5

I have a program that can be started or stopped at any moment. The program is used to download data from web pages. First, a user will define a bunch of web pages in a .csv file, then save that .csv file, then start the program. That program will read the .csv file and turn it into a list of jobs. Next, the jobs are split among 5 separate downloader functions that work in parallel but may take different times to download.

After a downloader (which there are 5 of) finished downloading a web page, I need it to open the .csv file and remove the link. This way, as time passes, the .csv file will get smaller and smaller. The issue is that sometimes two download functions will try to update the .csv file at the same time and will cause the program to crash. How can I deal with this?

user1367204
  • 4,549
  • 10
  • 49
  • 78
  • 2
    That seems like a particularly difficult way to handle the problem. What are these jobs? Perhaps that's the best way to handle the problem. Consume the csv once to create jobs (perhaps stored in a database or separate files) and manage those. If you want to do the csv thing, it should only be managed by a single entity (that master program dealing with the jobs perhaps) that is sent responses from the workers and does the csv file update. – tdelaney Jun 07 '17 at 20:01
  • 1
    You don't. Handling side-effects from multiple (parallel) points of control is a recipe for disaster. If it's the *only way to make it work* you can implement locks as some of your current answers suggest, however that doesn't seem to be the case here. You should implement a manager/worker pattern and have the manager handle IO, pass jobs off to the workers, and receive results from the workers. – Adam Smith Jun 07 '17 at 20:12

3 Answers3

4

If this is a continuation of your project from yesterday you already have your download list in memory - just remove the entries from the loaded list as their processes finish download and only write down the whole list over the input file once you're exiting the 'downloader'. There is no reason to constantly write down the changes.

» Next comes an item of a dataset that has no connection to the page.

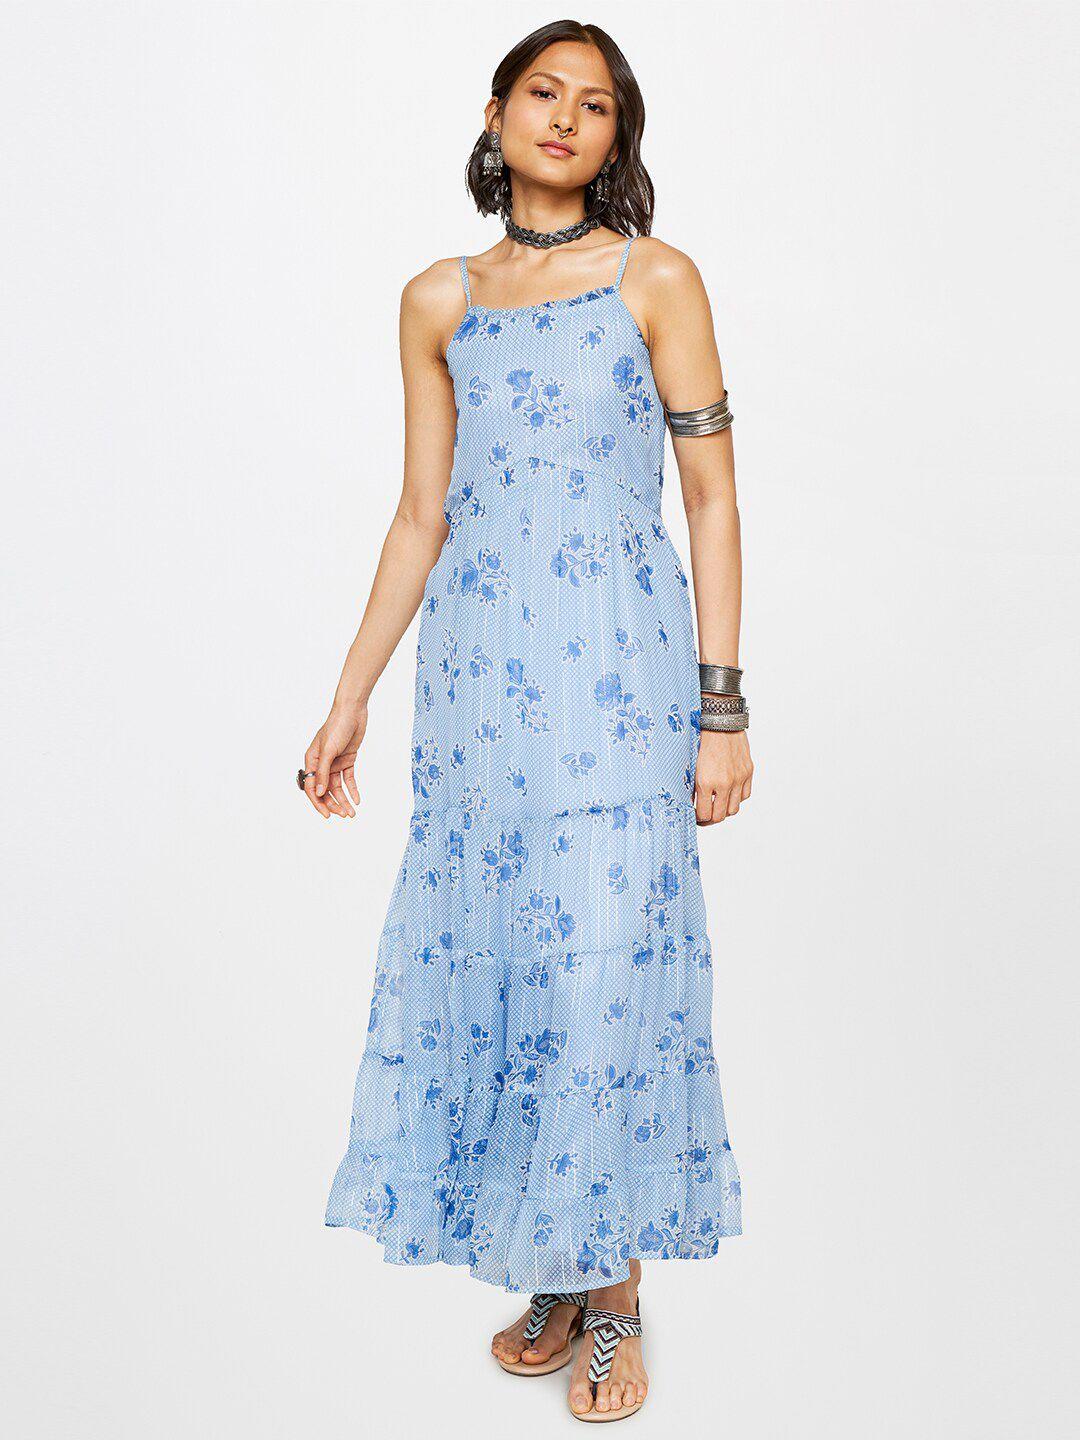 global desi floral printed shoulder straps tiered maxi dress

If you want to know (say from an external process) when a url gets downloaded even while your 'downloader' is running, write in a downloaded.dat a new line each time a process returns that download was successful.

Of course, in both cases, write from within your main process/thread so you don't have to worry about mutex.

UPDATE - Here's how to do it with an additional file, using the same code base as yesterday:

def init_downloader(params):  # our downloader initializator
    downloader = Downloader(**params[0])  # instantiate our downloader
    downloader.run(params[1])  # run our downloader
    return params  # job finished, return the same params for identification

if __name__ == "__main__":  # important protection for cross-platform use

    downloader_params = [  # Downloaders will be initialized using these params
        {"port_number": 7751},
        {"port_number": 7851},
        {"port_number": 7951}
    ]
    downloader_cycle = cycle(downloader_params)  # use a cycle for round-robin distribution

    with open("downloaded_links.dat", "a+") as diff_file:  # open your diff file
        diff_file.seek(0)  # rewind the diff file to the beginning to capture all lines
        diff_links = {row.strip() for row in diff_file}  # load downloaded links into a set
        with open("input_links.dat", "r+") as input_file:  # open your input file
            available_links = []
            download_jobs = []  # store our downloader parameters + a link here
            # read our file line by line and filter out downloaded links
            for row in input_file:  # loop through our file
                link = row.strip()  # remove the extra whitespace to get the link
                if link not in diff_links:  # make sure link is not already downloaded
                    available_links.append(row)
                    download_jobs.append([next(downloader_cycle), link])
            input_file.seek(0)  # rewind our input file
            input_file.truncate()  # clear out the input file
            input_file.writelines(available_links)  # store back the available links
            diff_file.seek(0)  # rewind the diff file
            diff_file.truncate()  # blank out the diff file now that the input is updated
        # and now let's get to business...
        if download_jobs:
            download_pool = Pool(processes=5)  # make our pool use 5 processes
            # run asynchronously so we can capture results as soon as they ar available
            for response in download_pool.imap_unordered(init_downloader, download_jobs):
                # since it returns the same parameters, the second item is a link
                # add the link to our `diff` file so it doesn't get downloaded again
                diff_file.write(response[1] + "\n")
        else:
            print("Nothing left to download...")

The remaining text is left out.